Task directions:
Below are records with pictures in them. Transcribe everything from the line containing "Italian Zucchini Baked" down to the line containing "adidas Revigo 17", exactly, and leave the pictures behind.

Dataset excerpts:

◇ ◇ ◇ ◇

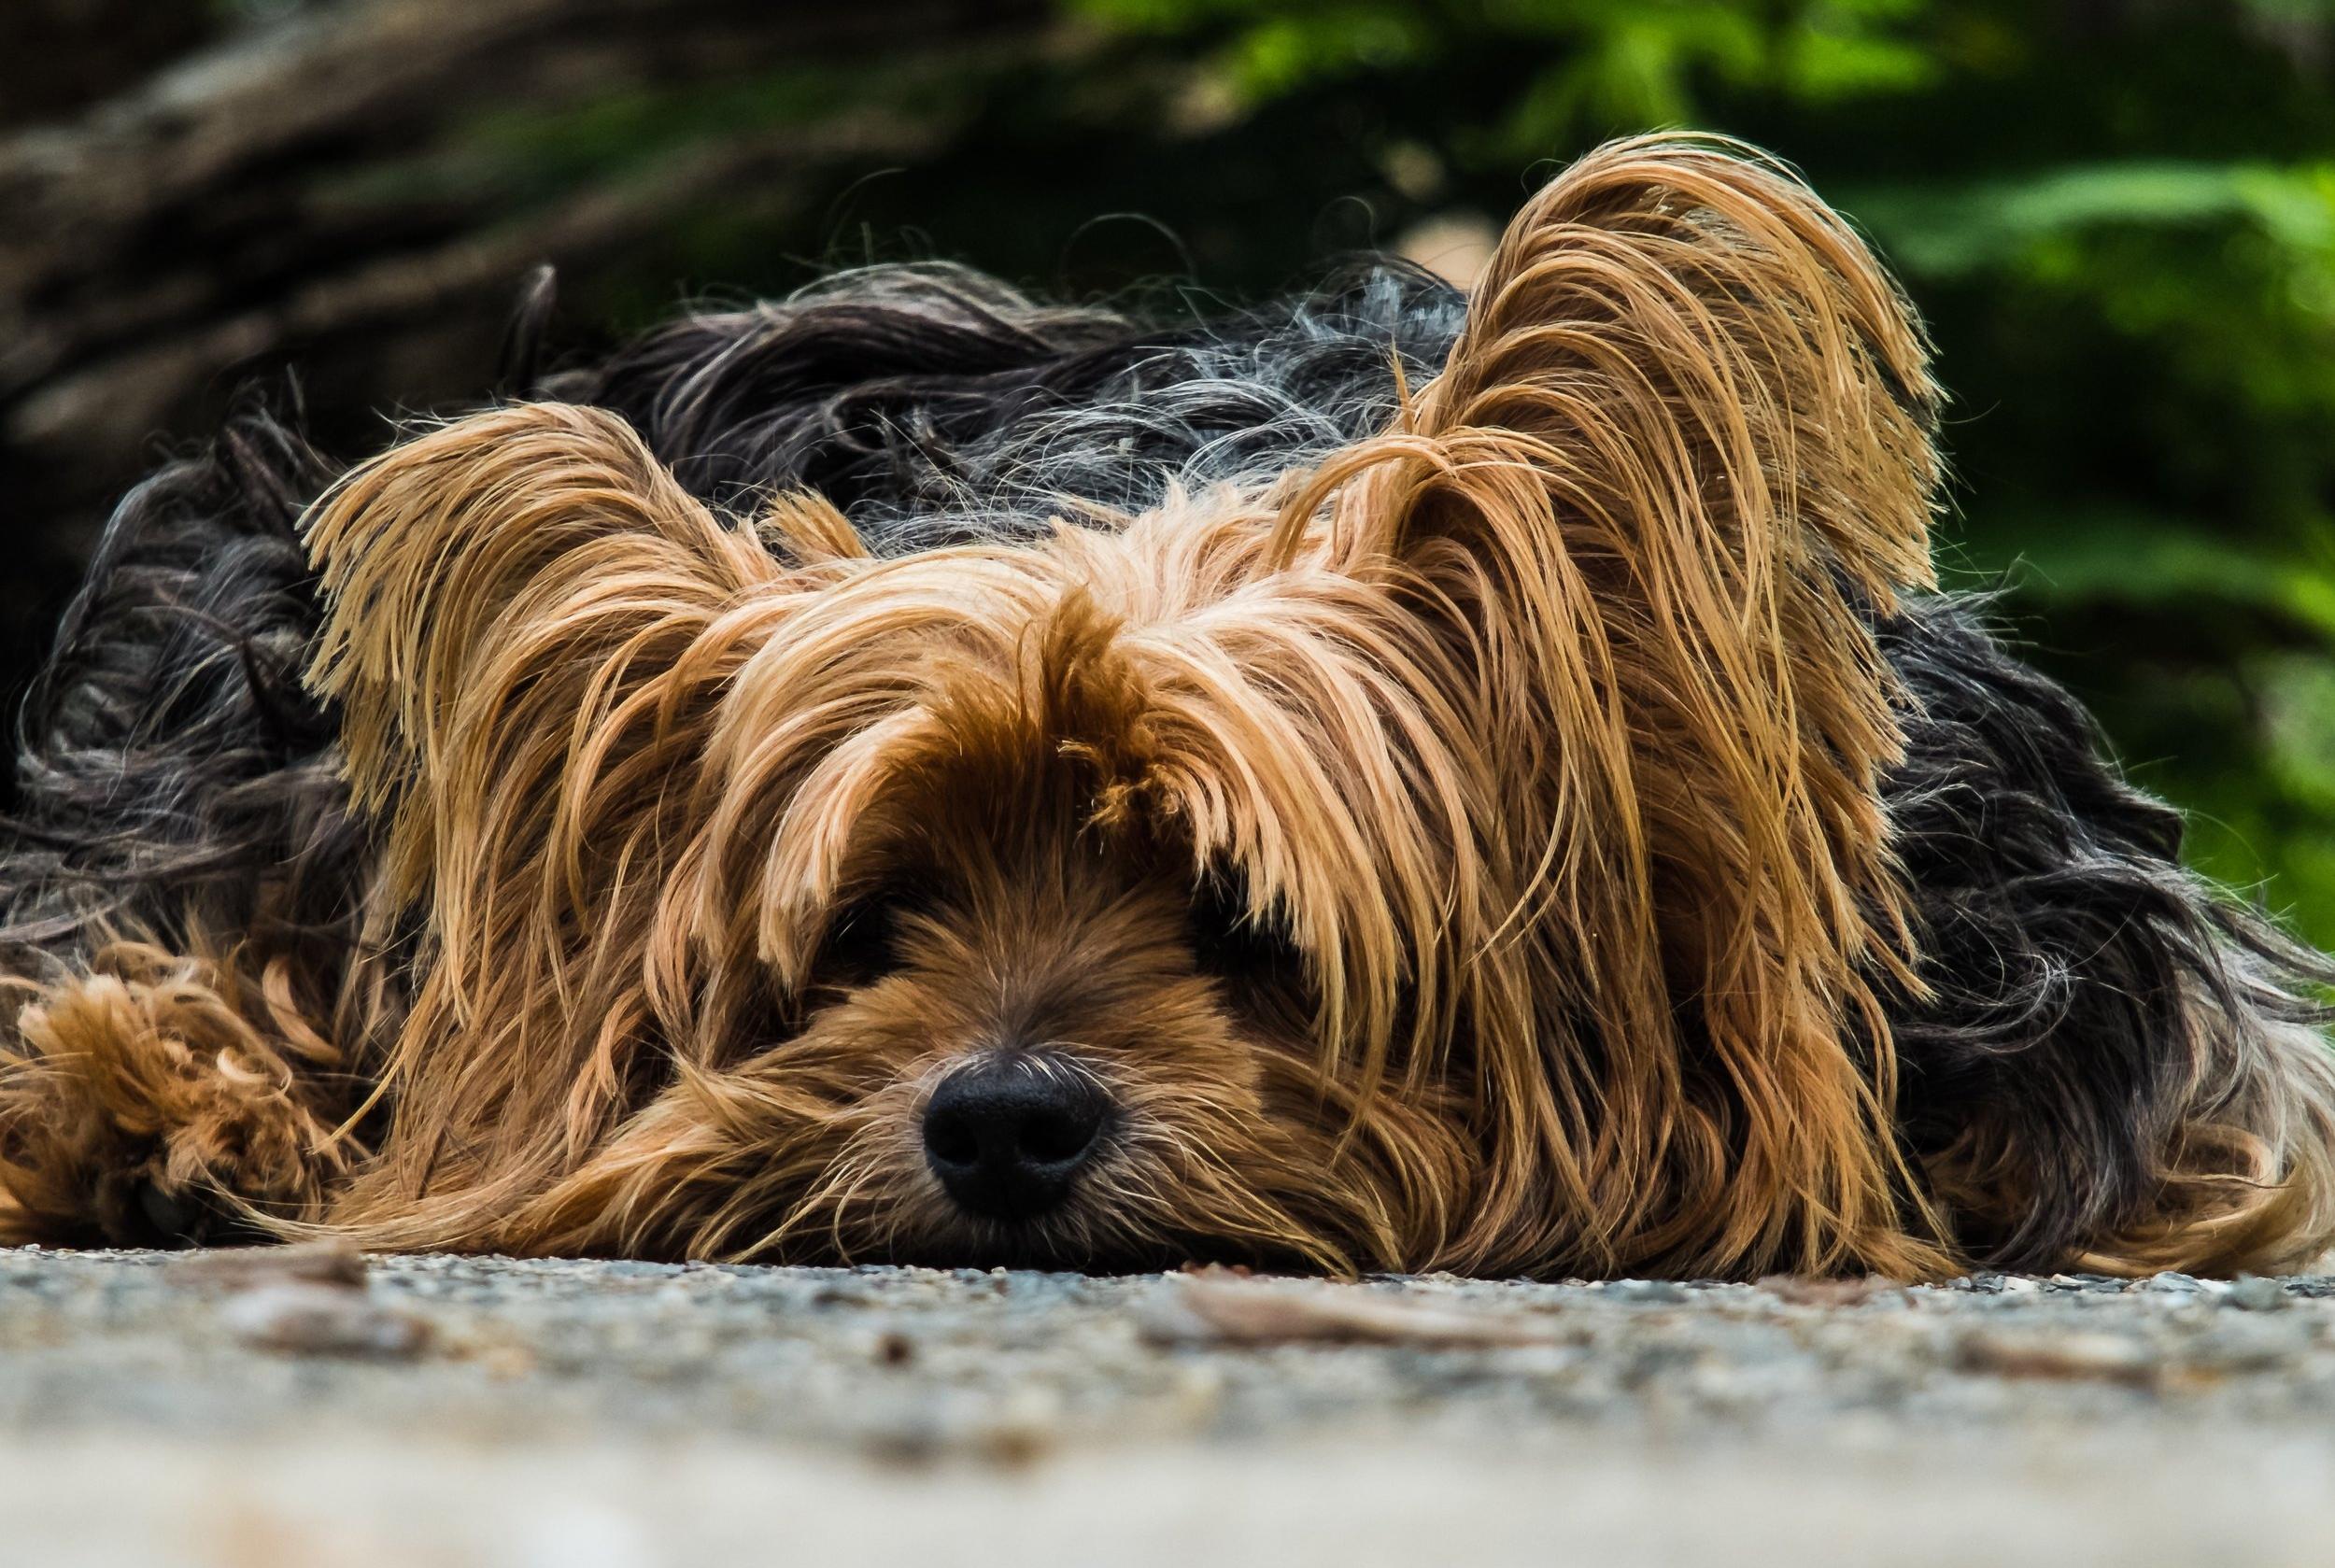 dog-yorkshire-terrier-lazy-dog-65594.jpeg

◇ ◇ ◇ ◇

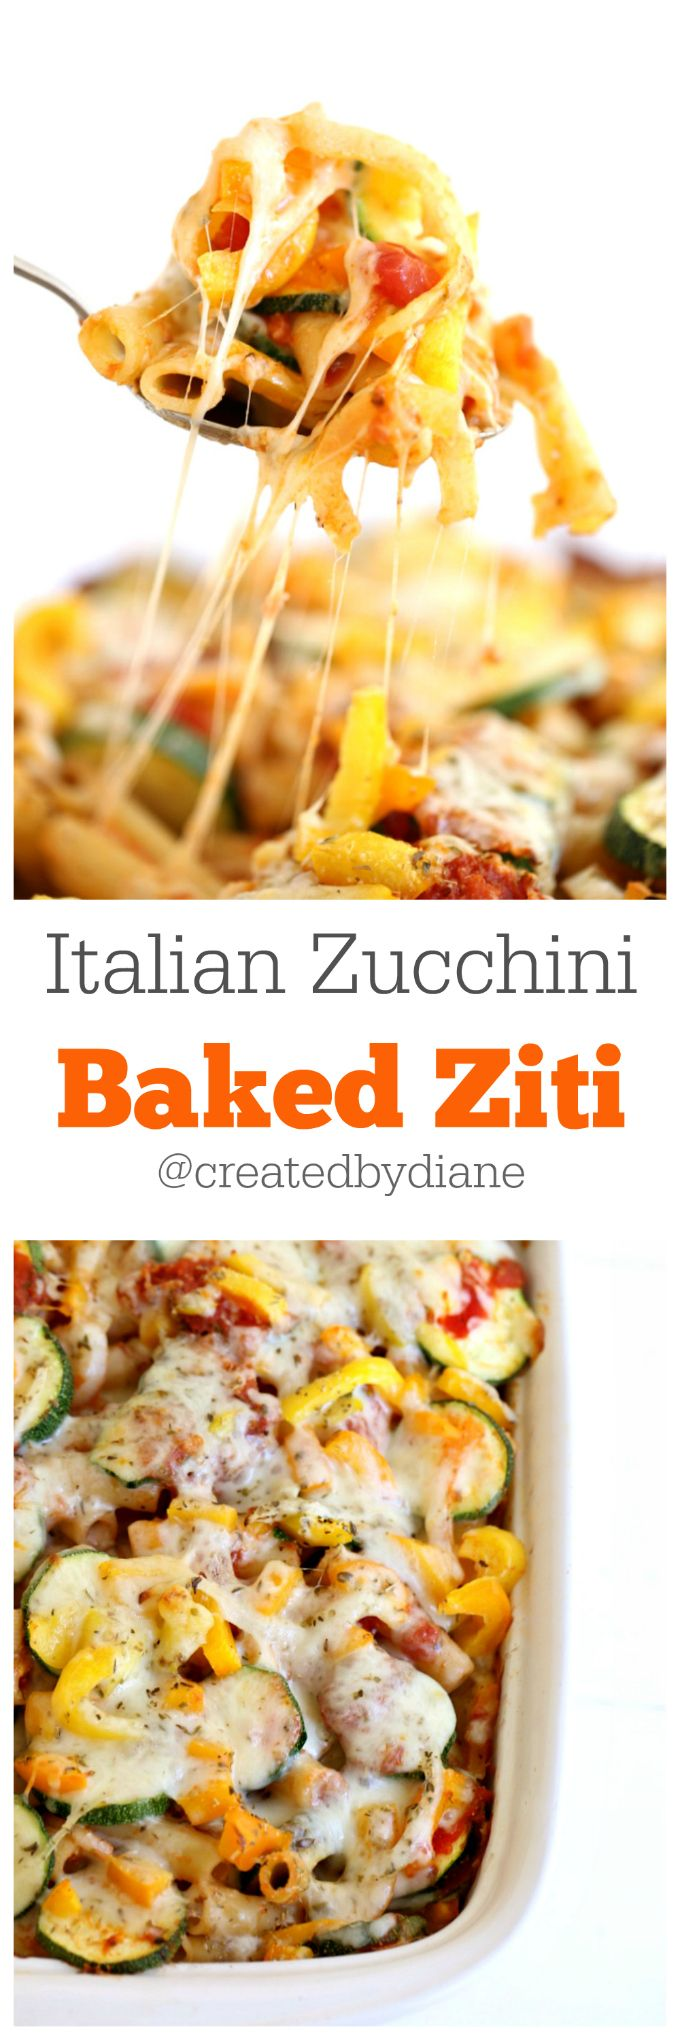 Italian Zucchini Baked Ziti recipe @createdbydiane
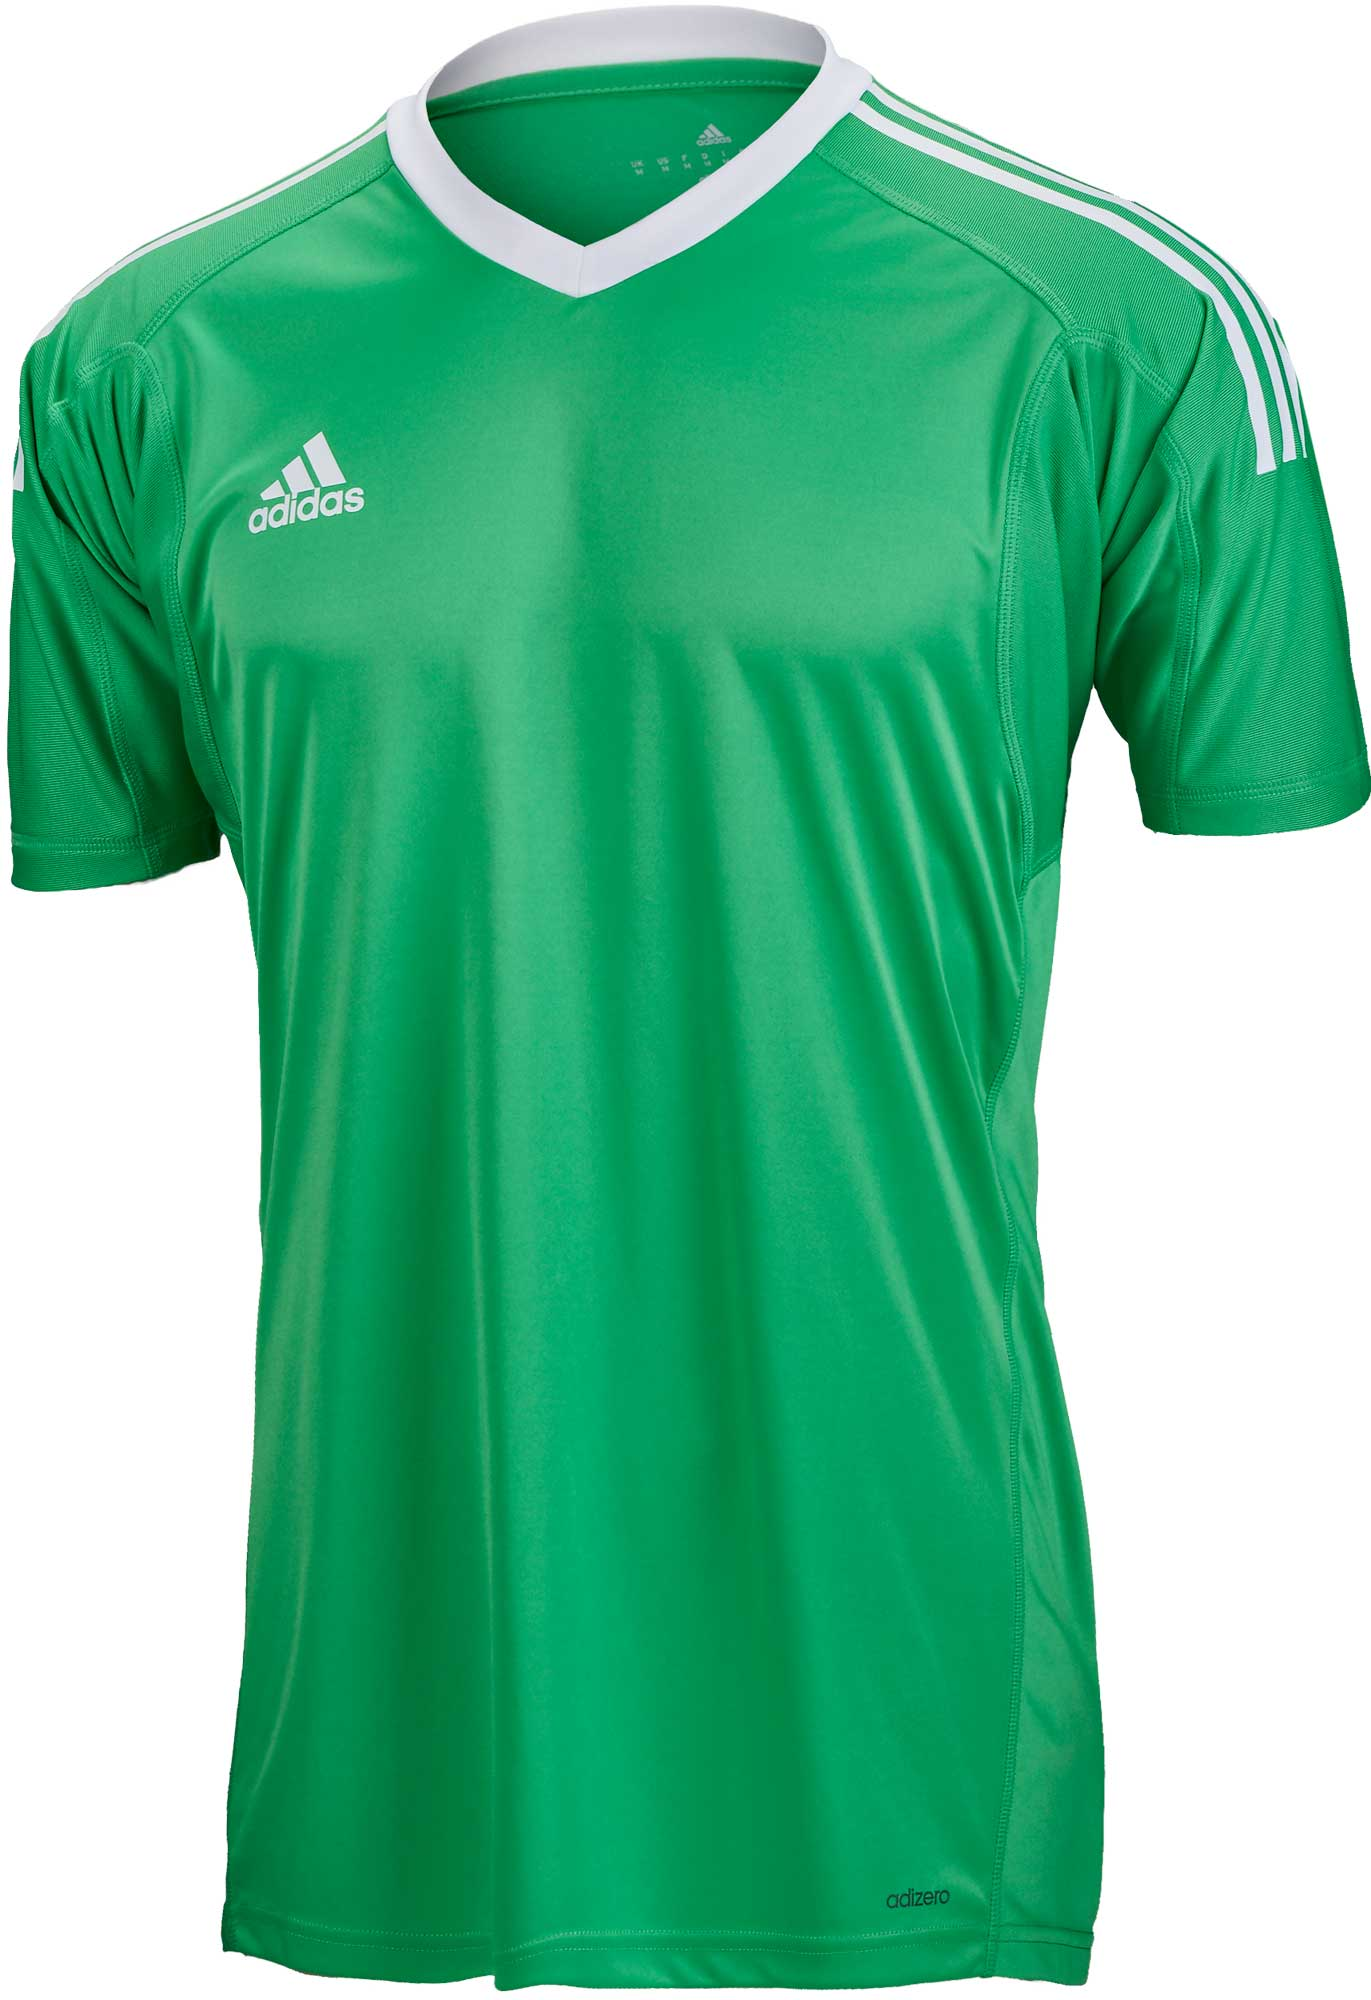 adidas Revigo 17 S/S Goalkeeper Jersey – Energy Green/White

◇ ◇ ◇ ◇

Response to this task:
 Italian Zucchini Baked Ziti recipe @createdbydiane
 adidas Revigo 17 S/S Goalkeeper Jersey – Energy Green/White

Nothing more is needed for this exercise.